I also tried using the params_surv function to set up my parameters manually, but can only specify one distribution.

params_surv( coefs = coef_rate_pfs, dist = c("exp", "weibull") )

So I am looking for a way to basically link the 4 models I have (1 for each strategy and each endpoint) to generate survival curves for and pass into the wider PSM model.

Is there a way to do this?

dincerti commented 3 years ago

Hi Andreas,

If distributions vary by strategy, then your best bet in this case probably to predict survival curves "manually" and then to use hesim to compute state probabilities, costs and QALYs. Note that this feature is only available in the development version (although the plan is to release to CRAN very soon) --- an example is here.

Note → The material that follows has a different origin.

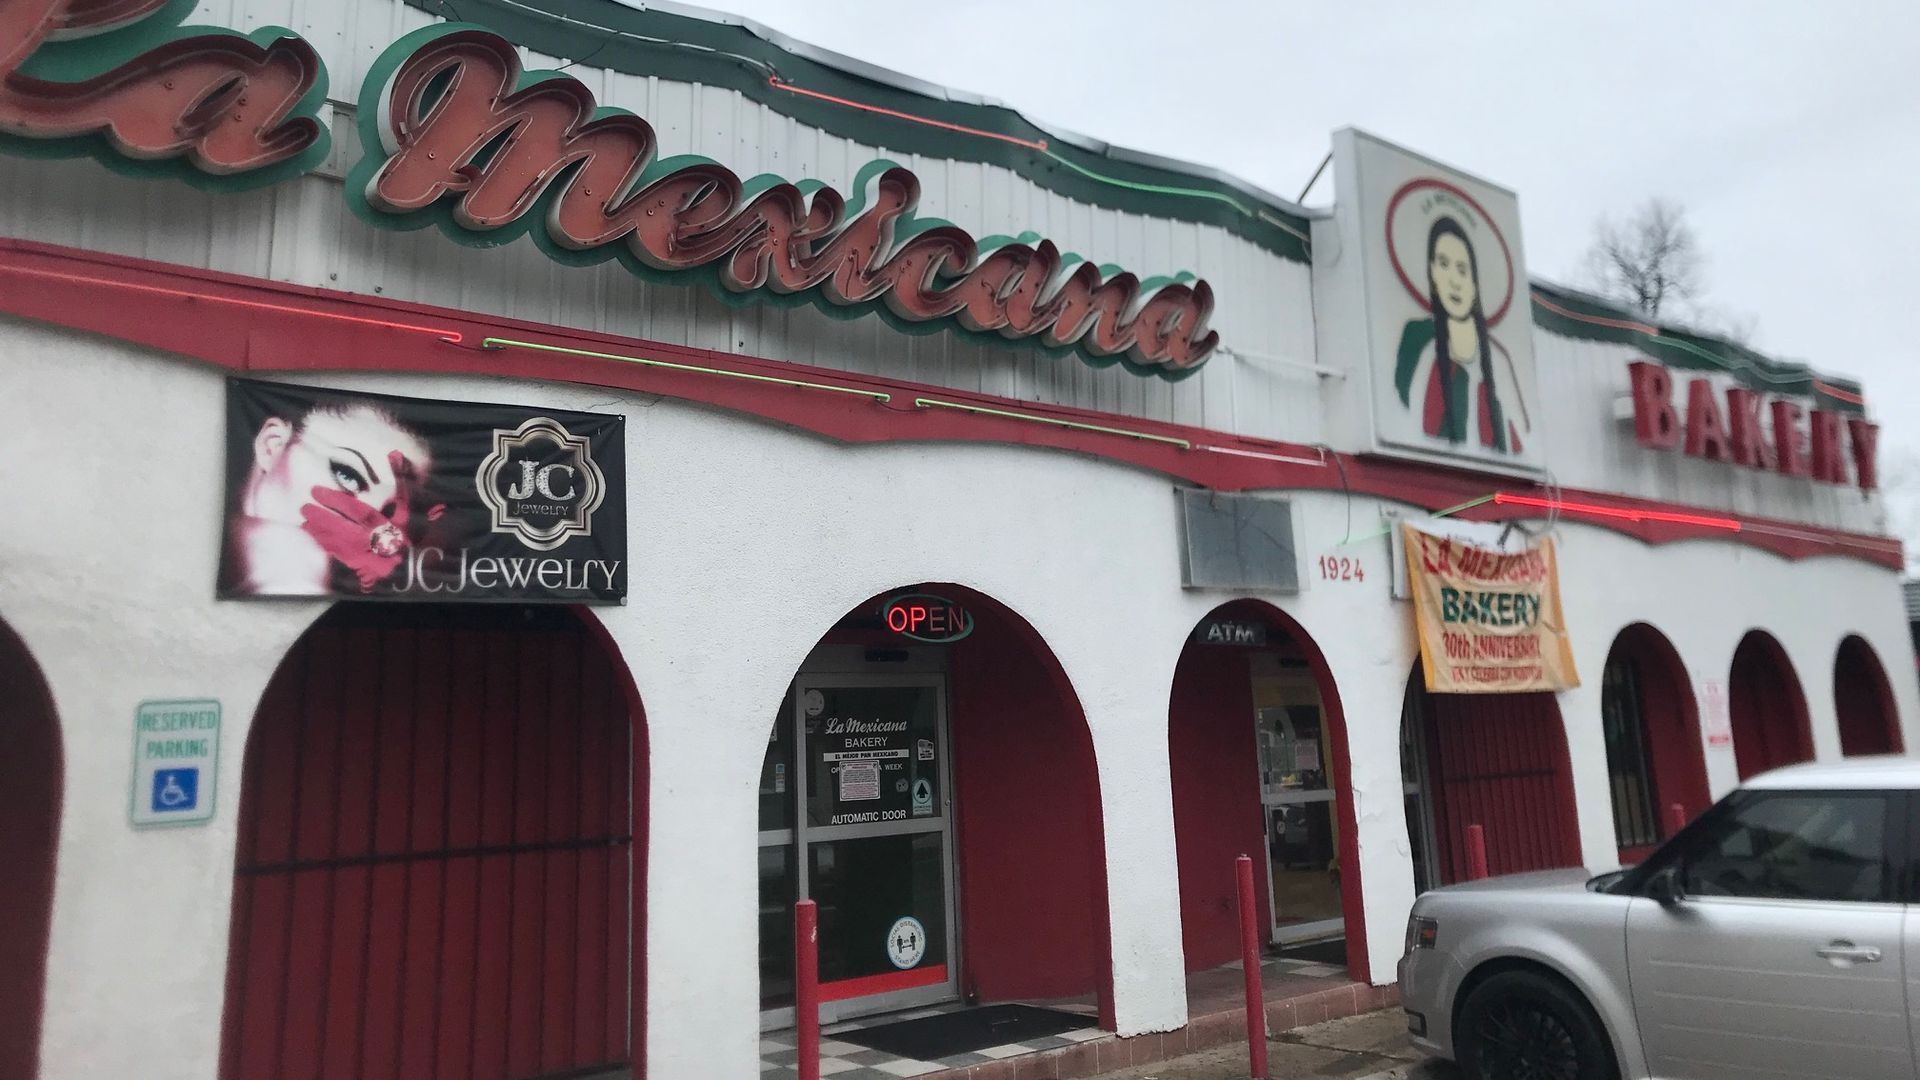 The outside of La Mexicana bakery

That said, I might ask why you want distributions to vary by treatment strategies? Typically we use a single distribution for the reference category and then estimate relative treatment effects. You can model pretty flexible time-varying treatment effects by putting covariates on the ancillary parameters of parametric models. The most flexible option would be to use flexsurvspline(), which would let you estimate a a baseline hazard that is effectively non-parametric as well as time-varying hazard ratios (by putting covariates on the "ancillary" parameters).

Lastly, note that in your example the exponential distribution is a special case of the Weibull and the gamma distribution is a special case of the generalized gamma. So you could model PFS with a Weibull and OS with a generalized gamma.